**TASK DESCRIPTION**
Below are lines of records; copy exactly those from the one containing "Lilac-breasted roller bird" through the one containing "South Carolina head", leaving the pictures behind.

**TASK MATERIAL**

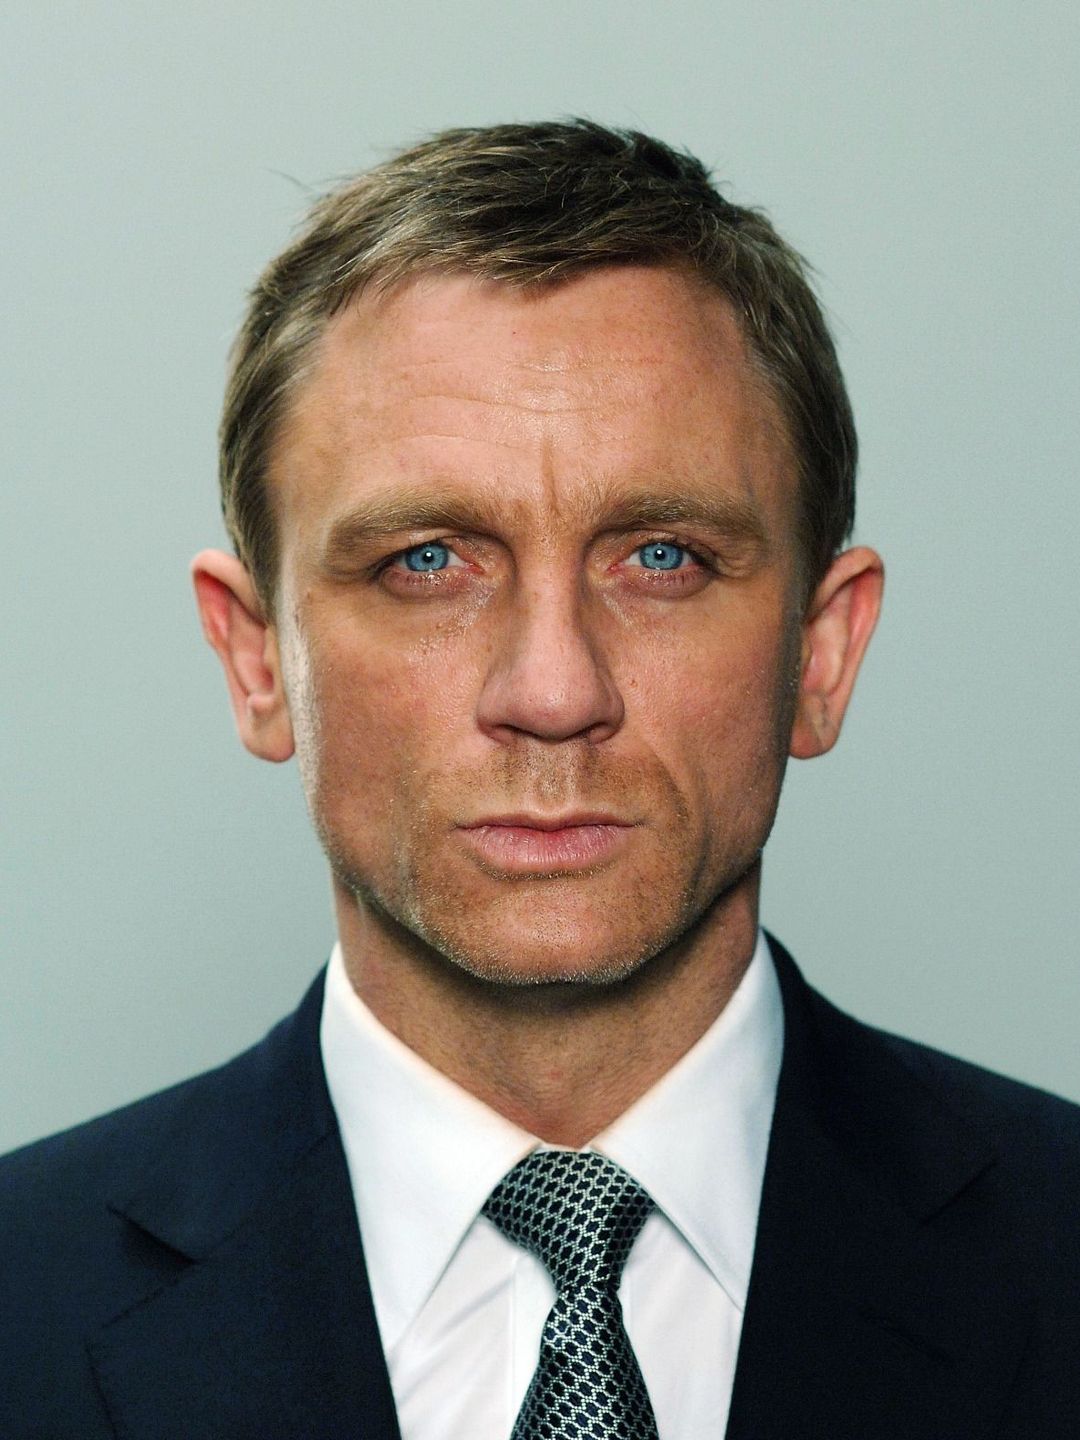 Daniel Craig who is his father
* * *
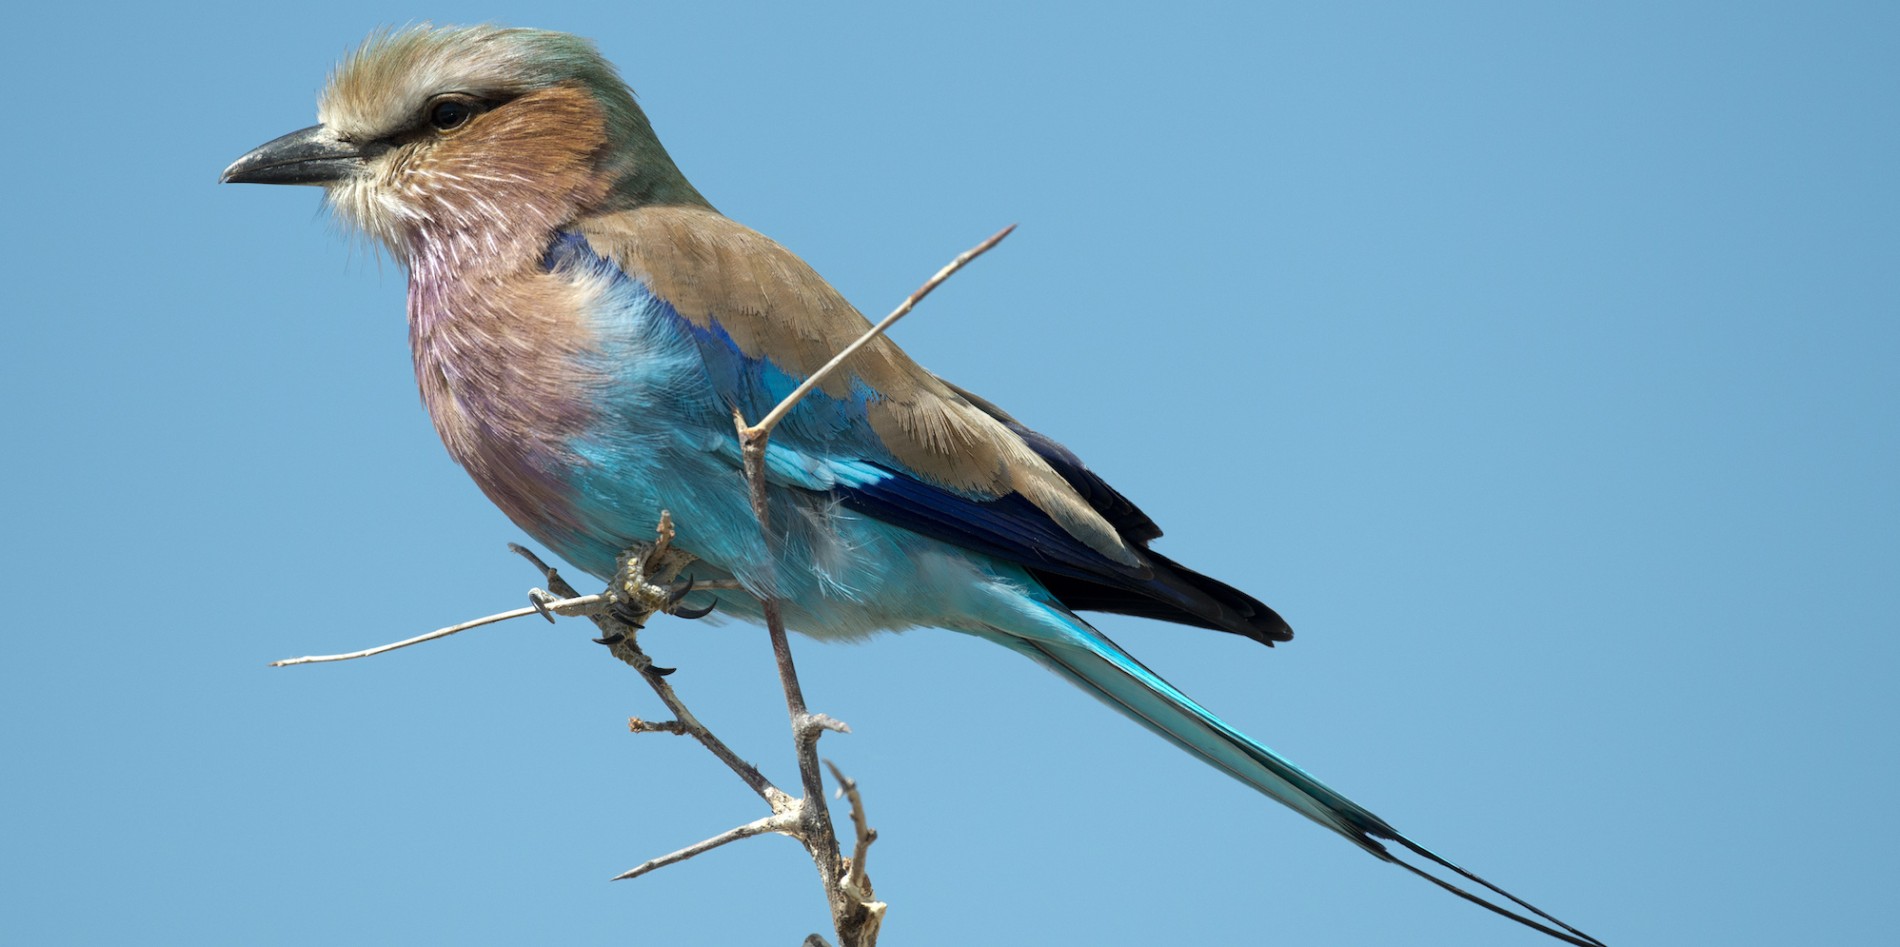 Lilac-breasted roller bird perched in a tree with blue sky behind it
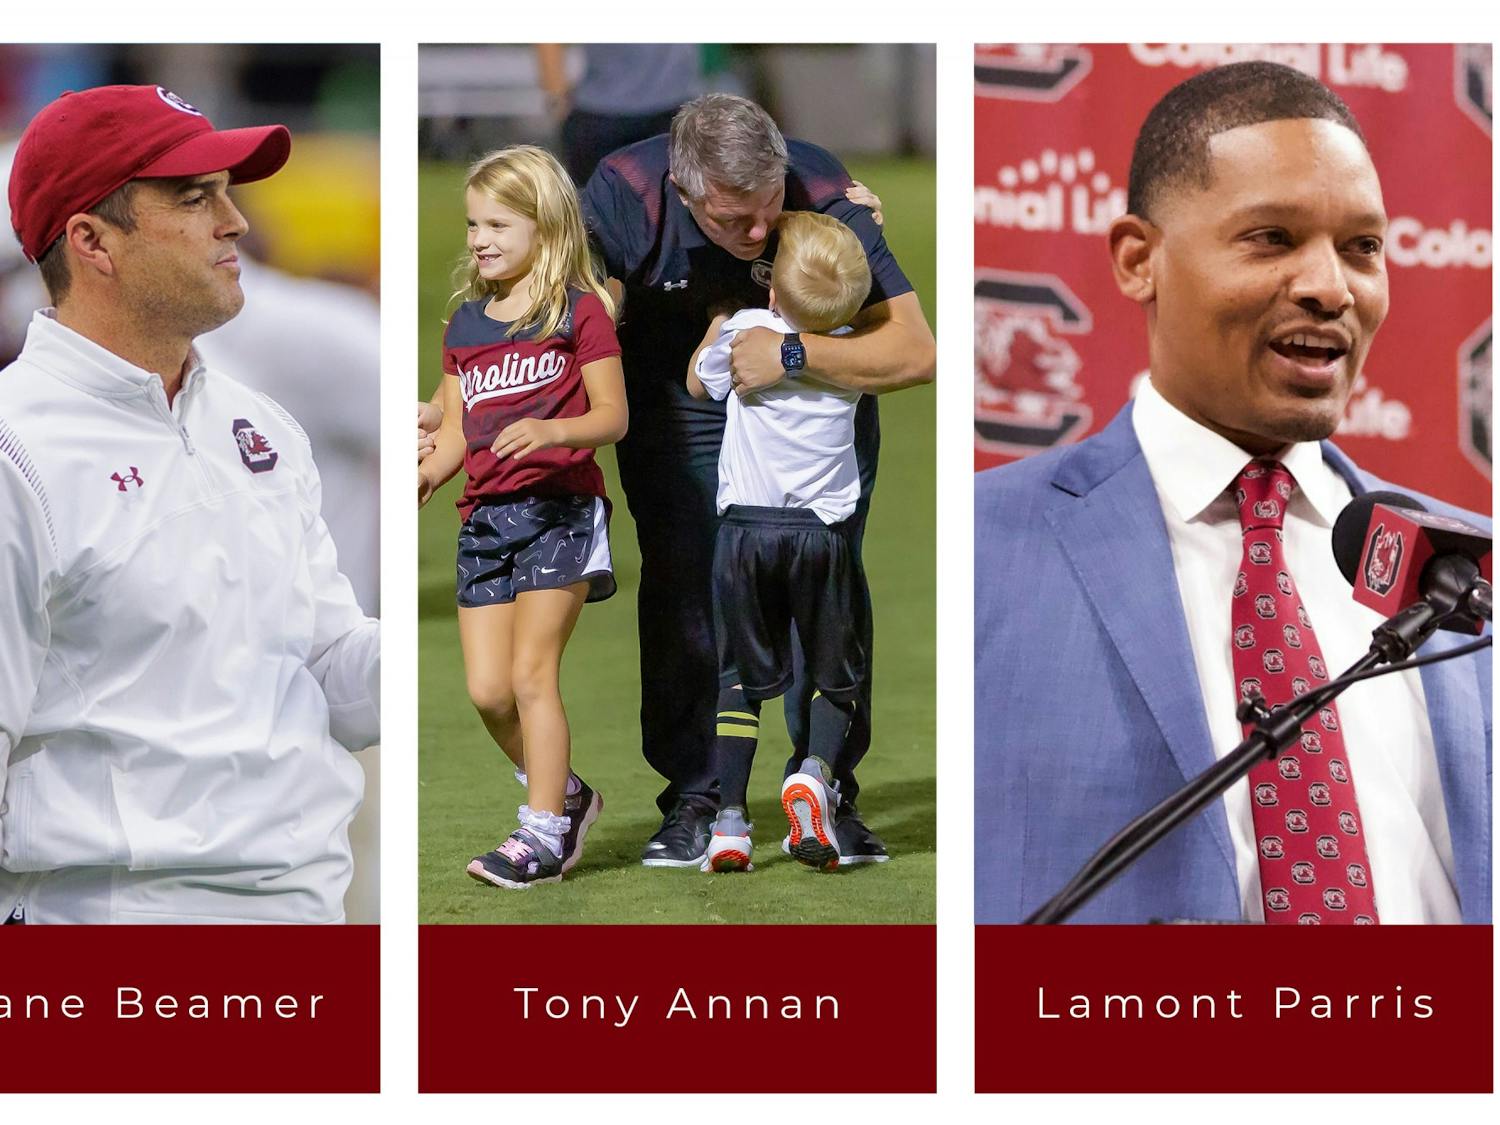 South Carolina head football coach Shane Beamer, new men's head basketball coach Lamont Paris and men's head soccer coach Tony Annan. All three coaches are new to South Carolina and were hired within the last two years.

**TASK SOLUTION**
 Lilac-breasted roller bird perched in a tree with blue sky behind it
 South Carolina head football coach Shane Beamer, new men's head basketball coach Lamont Paris and men's head soccer coach Tony Annan. All three coaches are new to South Carolina and were hired within the last two years.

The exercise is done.